During the 2006 Congressional reauthorization of the VRA, thousands of pages of testimony presented to Congress documented the continuing problems in covered jurisdictions, including Georgia.

“This decision requires that Congress act forcefully and expeditiously to protect voters of color and address the persistent threat of racial discrimination. Congress proved in 2006 as it did several times previously that preventing racial voting discrimination is a bipartisan goal. We are committed to working to ensure every necessary protection for the right to vote,” said Helen Butler, Executive Director, Coalition for the People’s Agenda.

"While I'm sufficiently flabbergasted by at this decision -- who can make a convincing case that racial discrimination no longer exists in America? The future focus is clear.  We need a new Voting Rights Act that provides much broader and equitable protections to the process and to access to the polls.   We call for unity because the new battle is on,” said Dwayne Patterson with Partnership for Southern Equity.

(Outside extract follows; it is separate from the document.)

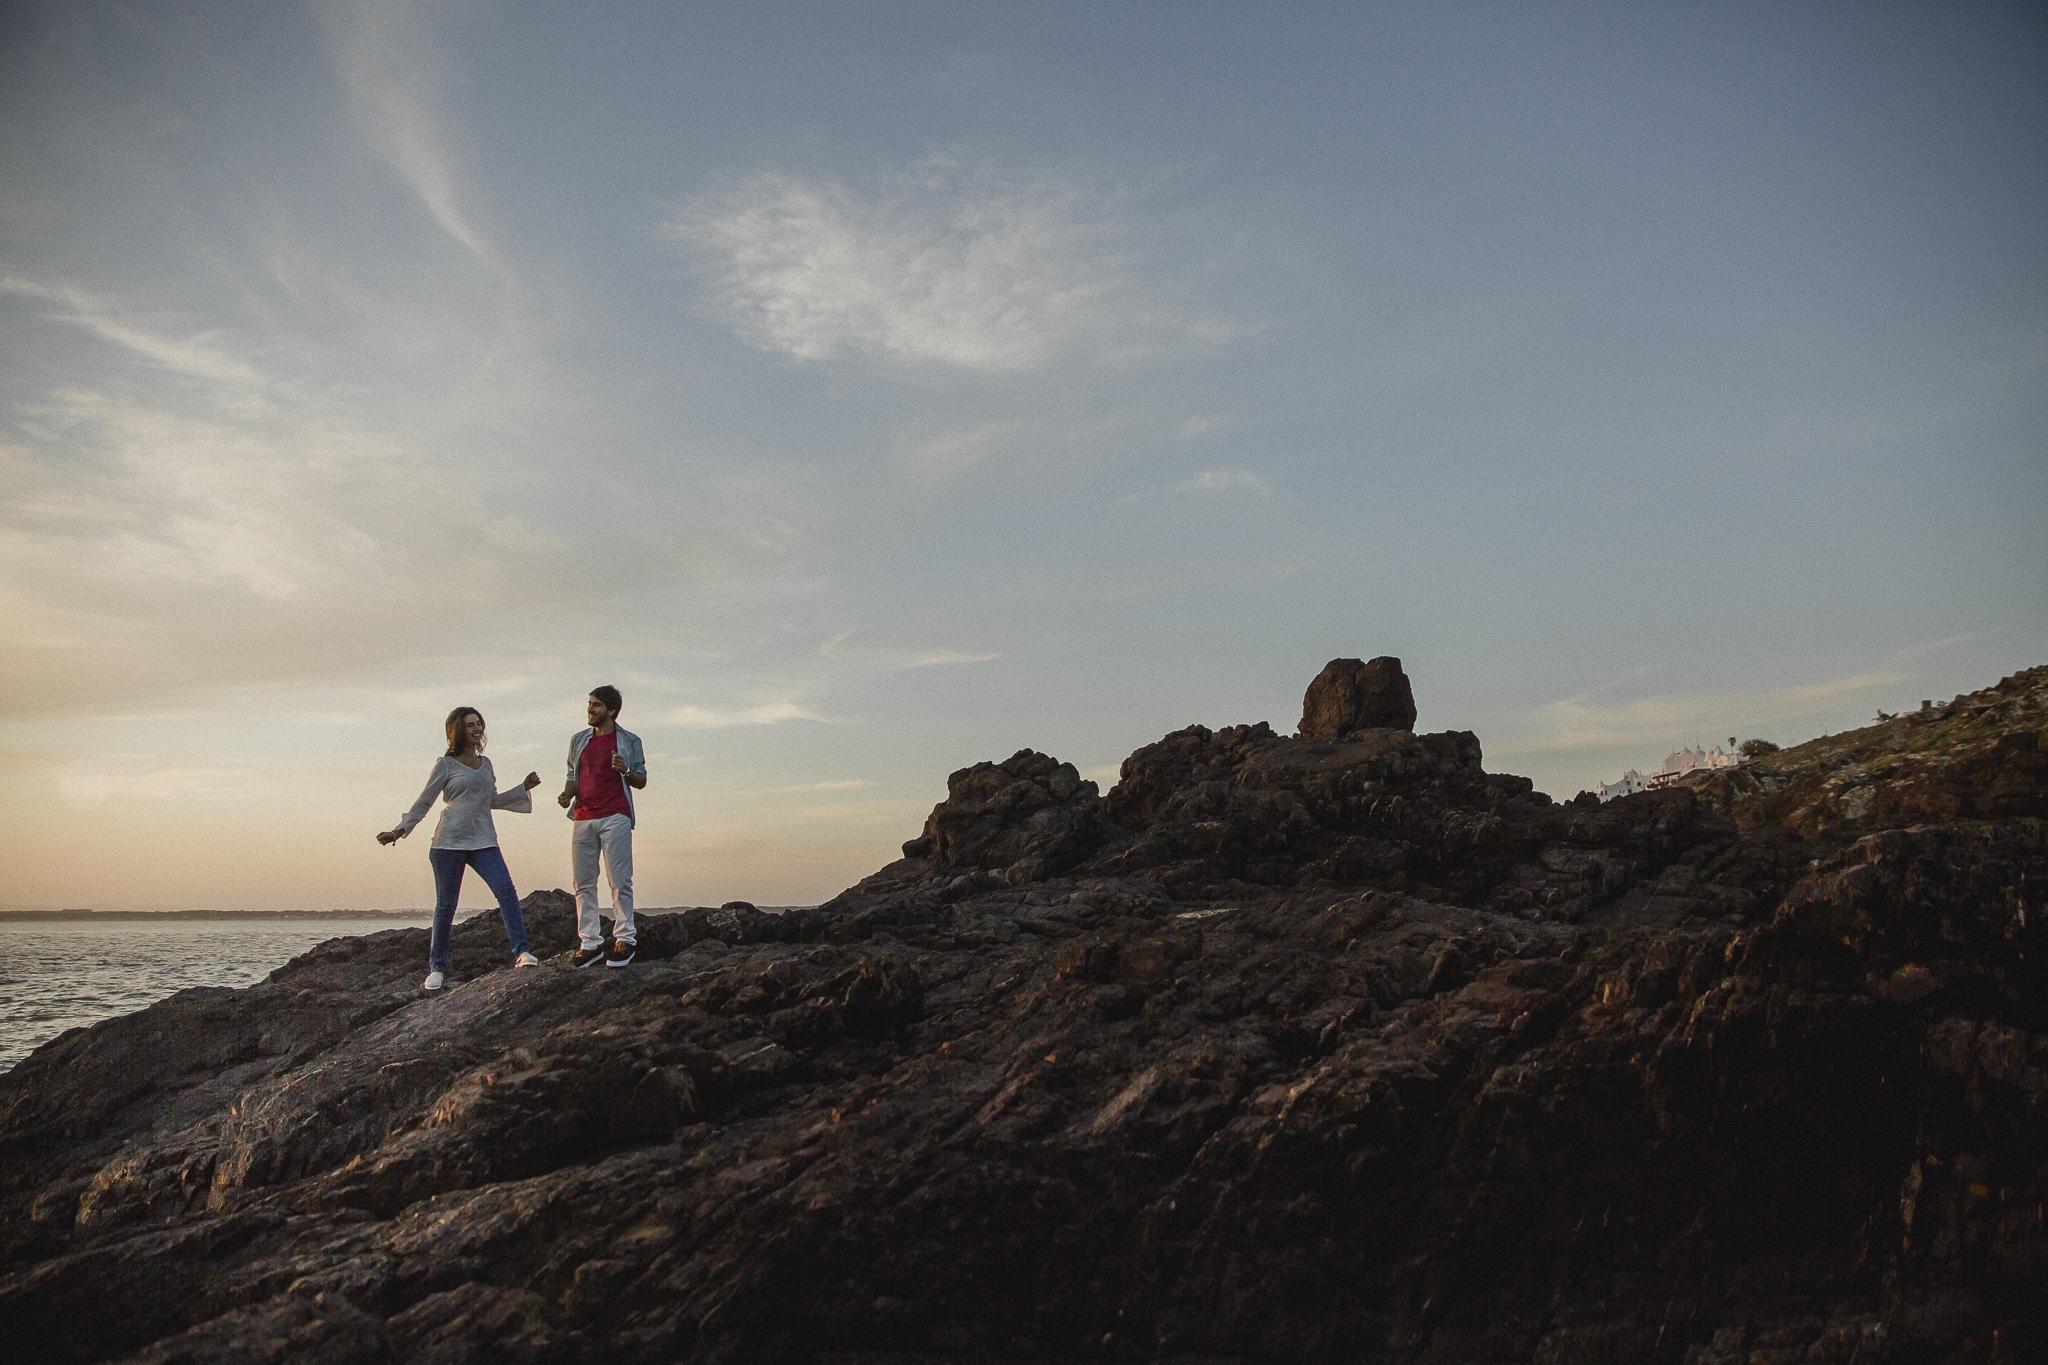 Grutas de Punta Ballena, Turismo Punta del este, Casapueblo, Mika Alvarez

“Our immediate “Call to Action” as voters is to contact our elected officials in Washington and tell them to ‘Get their Job Done!’ by enacting a formula that will reinstate the full strength of the Voting Rights Act to protect voters in Georgia and our nation”, said Elizabeth Poythress, President of the League of Women Voters of Georgia.

These groups are committed to keeping up the fight and ensuring Congress does what is necessary to protect every voter in this country from discrimination.



Georgia WAND is a women-led organization that seeks to direct women's voices into a powerful movement for social change. We work to reduce militarism and violence and redirect excessive military spending toward unmet human and environmental needs.